By all accounts, Vladimir Putin anticipated an easy war – the sort he might actually have got had he decided to go all the way in 2014, rather than confining himself to Crimea and the Donbass.
Instead, his woefully under-prepared armed forces have met ferocious resistance from the Ukrainians. Whilst the most likely outcome of a prolonged conventional war is still a Russian victory, however pyrrhic, some Western analysts are actually starting to suggest that Ukraine might actually win.
This is an optimistic assessment, but even as such it still implies a terrible price. For Putin’s complacent assumptions – paratroopers at the airport in Kiev, roll in the Rosgvardiya to pacify protesters – at least involved a minimalist approach to the conflict. Forced on to the back foot, he has proven just as willing to unleash indiscriminate bombing on European cities as on Syrian ones.
In response, western politicians and commentators are talking about prosecuting the Russian president and his soldiers for war crimes.

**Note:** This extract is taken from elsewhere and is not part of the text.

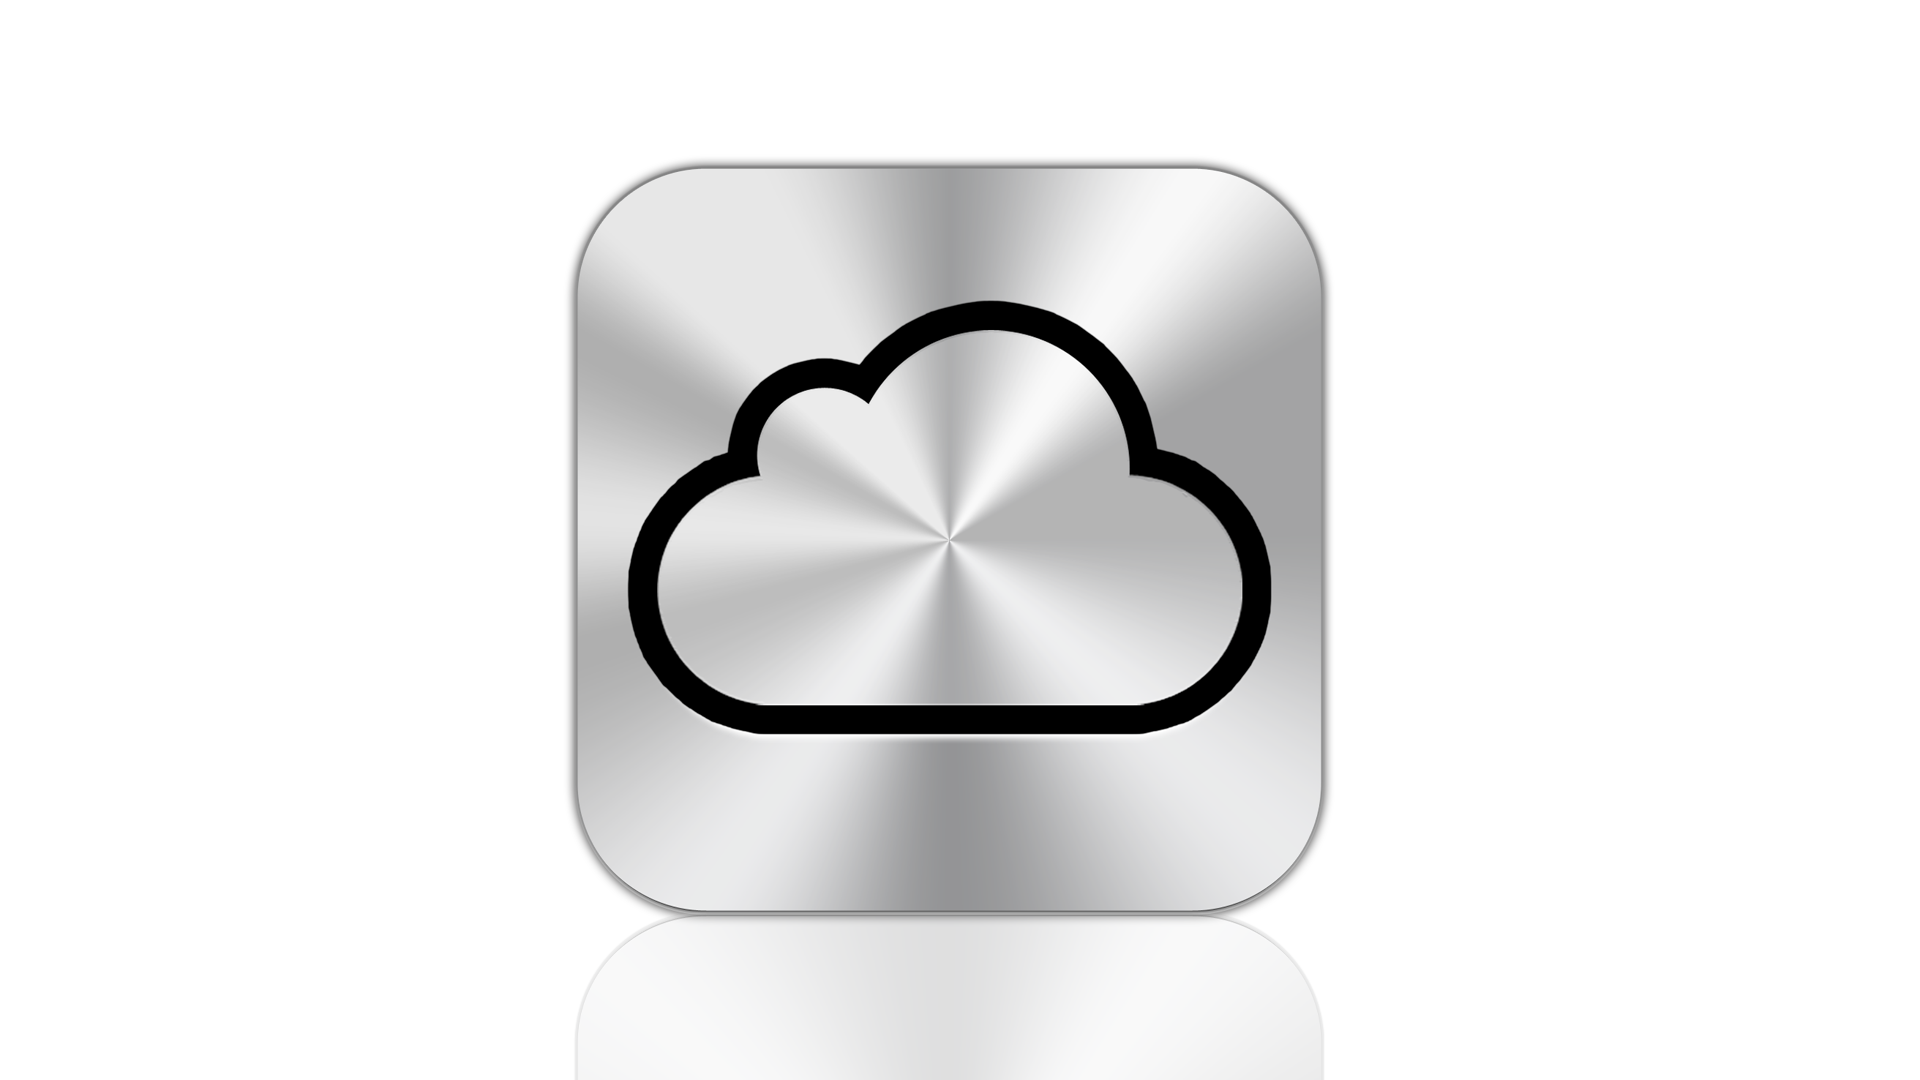 Doodle introduces iCloud integration | Doodle Blog

But this poses a challenge when it comes to thinking about how this war might realistically end.
Even in the ideal Western scenario – an actual collapse of the Russian military operating in the Ukraine, precipitating the overthrow of Putin – we aren’t going to see Ukrainian or allied tanks rolling into Red Square. Putting the Nazis on trial required the complete conquest of Germany; that is simply not on the cards here.
That means that a path to peace likely involves creating an incentive for people currently involved in the regime, and therefore implicated in its crimes, to seek peace. This most obviously means a clear path towards easing sanctions in the event of Russian withdrawal, but it might also mean offering some sort of pass to individuals whom Western governments would much rather see at the Hague.
Otherwise, they risk lashing the elite of the Russian regime – who are the only people with any realistic prospect of changing it – even more tightly to Putin, even at a truly ruinous cost to the broader Russian nation and especially to Ukraine.
The prospect of making such compromises is gross; we are talking about people who negotiated a ‘civilian corridor’ and then, according to the International Red Cross, mined it. But whilst defeating the Russian army in the field would obviate much of the need, from here it still seems an unlikely prospect. If it doesn’t happen, the price of ending an ugly war might be an ugly peace.